DATA PROVIDED =
══════════
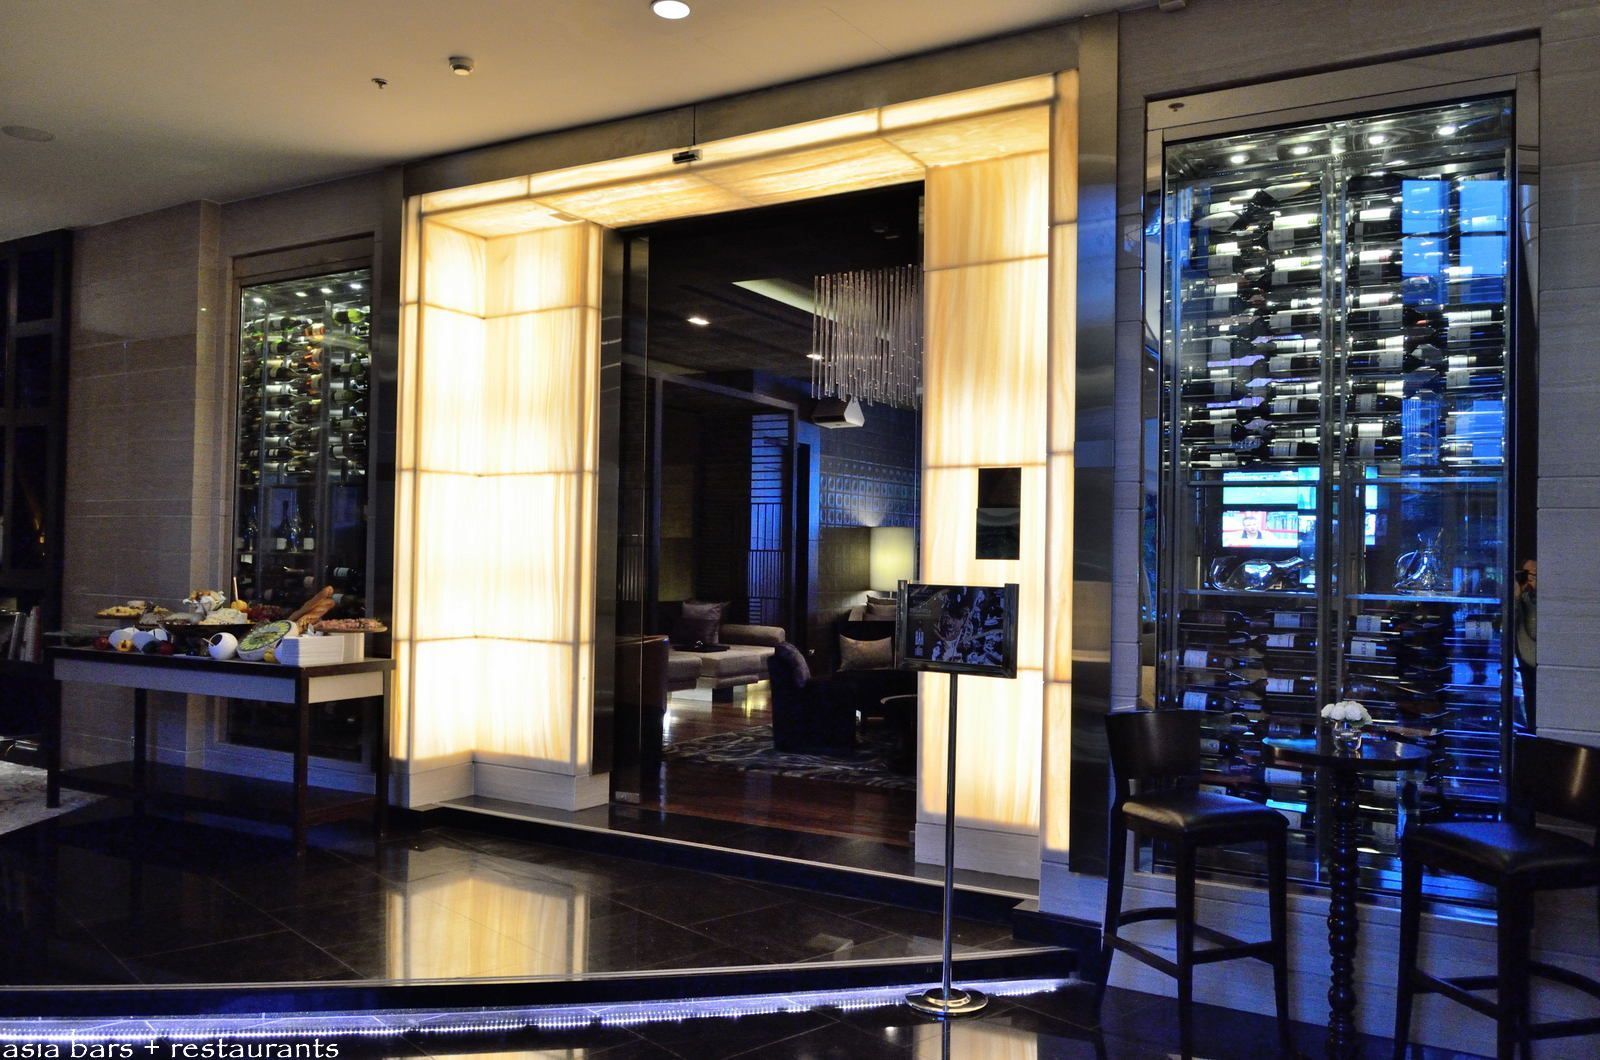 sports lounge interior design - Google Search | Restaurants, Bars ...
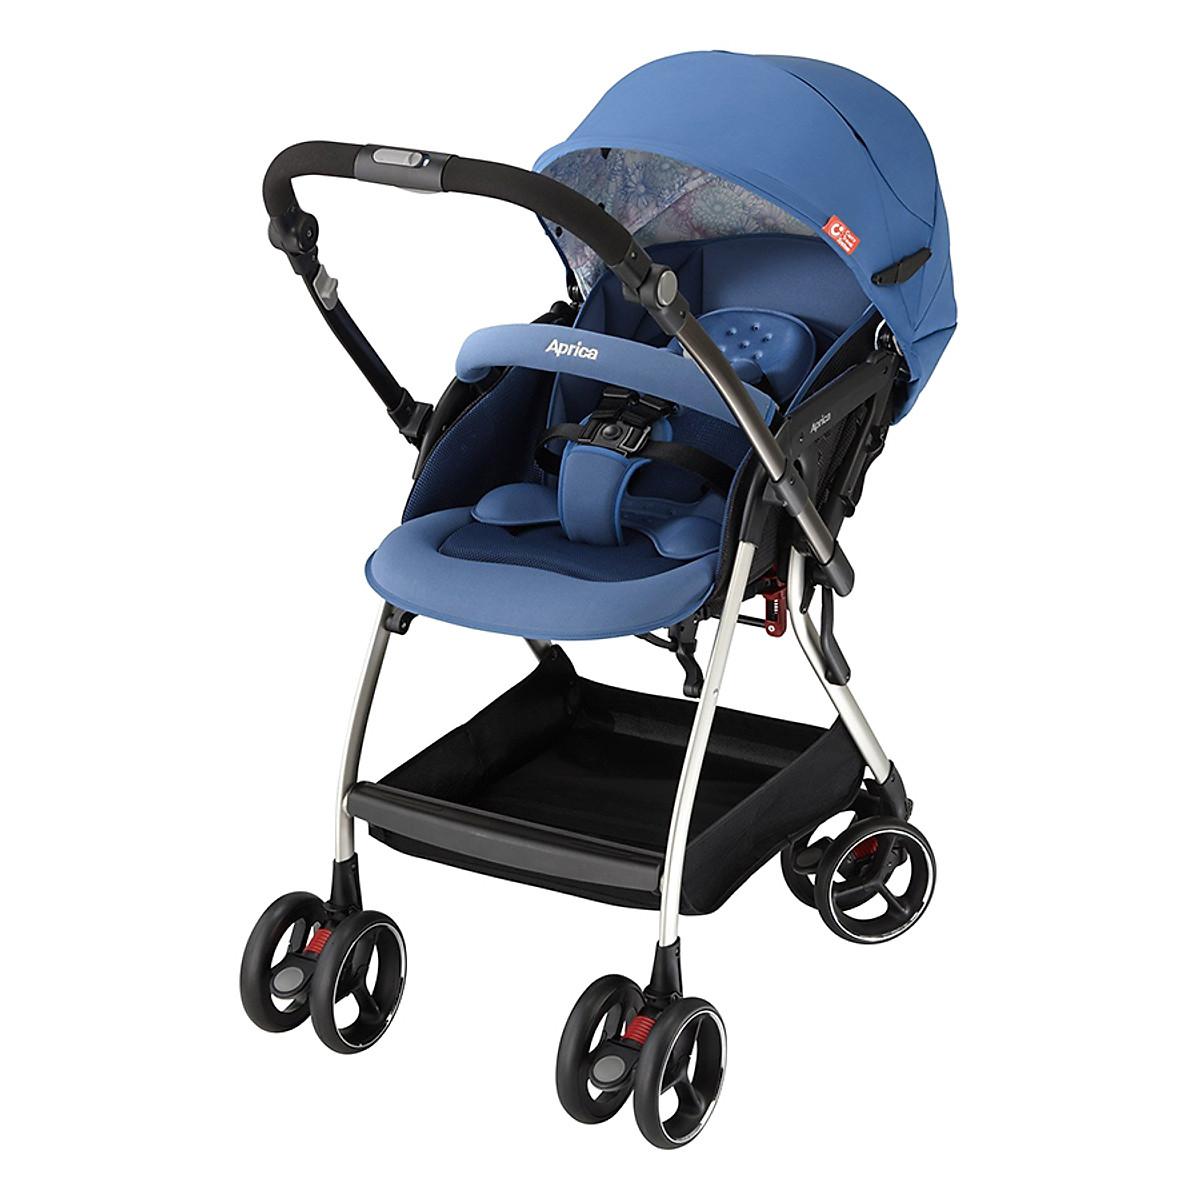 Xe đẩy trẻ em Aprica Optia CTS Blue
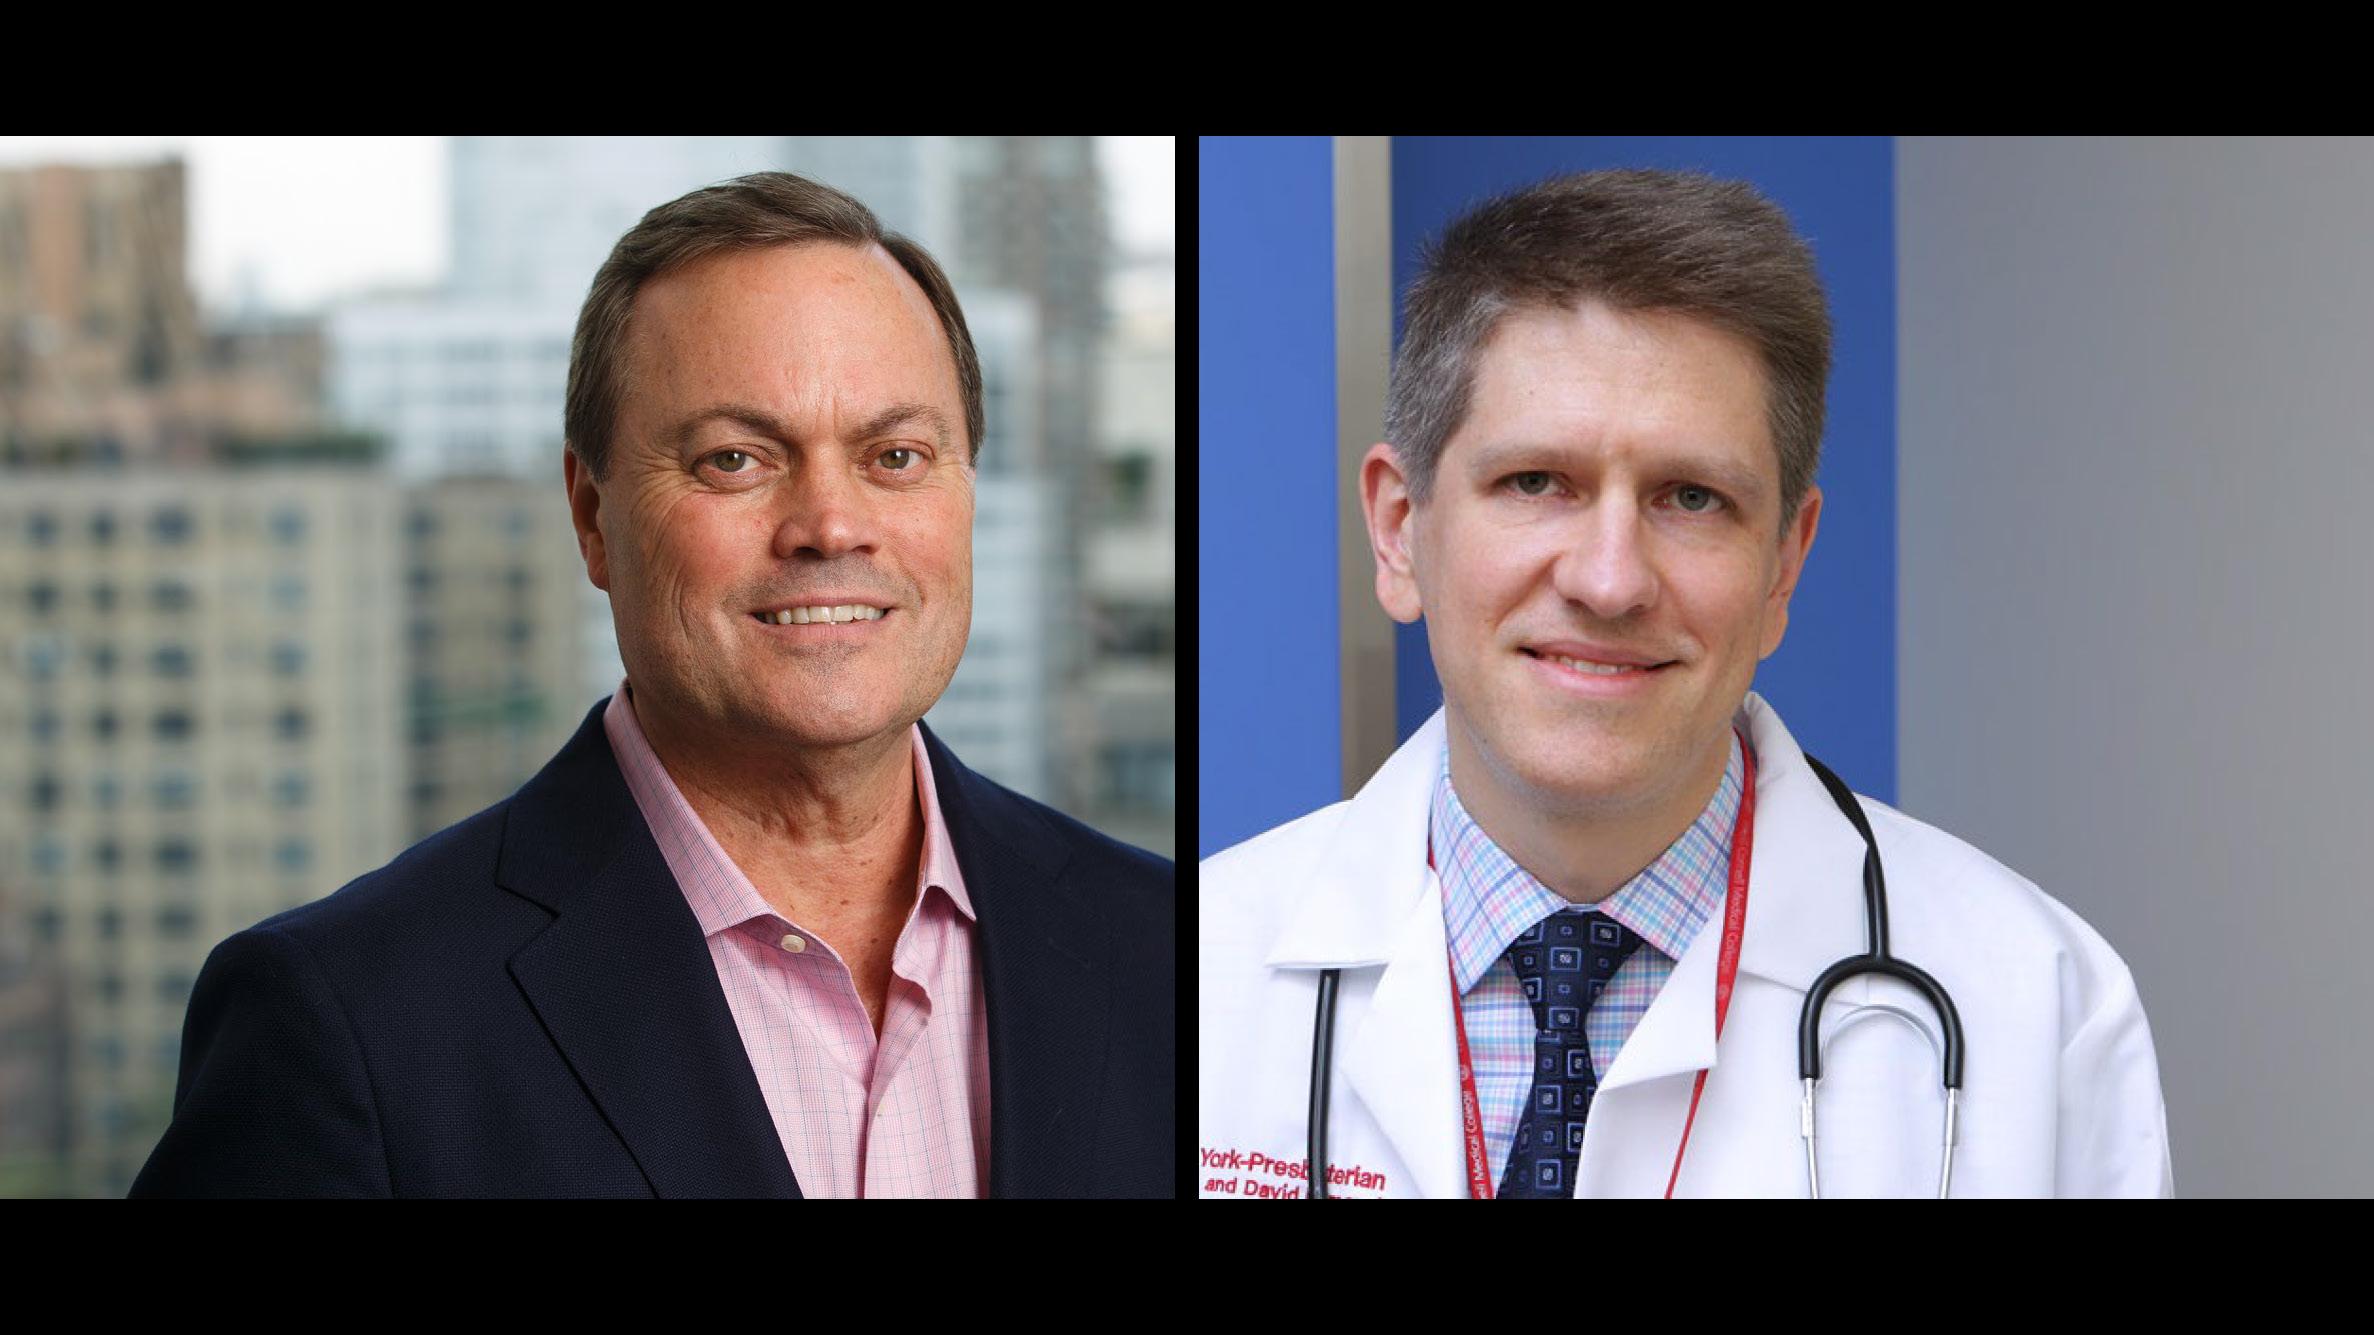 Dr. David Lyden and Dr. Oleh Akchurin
══════════
ABOUT THIS TASK = All of the material above is to be copied exactly, except for its images.

WRITTEN REPLY =
 sports lounge interior design - Google Search | Restaurants, Bars ...
 Xe đẩy trẻ em Aprica Optia CTS Blue
 Dr. David Lyden and Dr. Oleh Akchurin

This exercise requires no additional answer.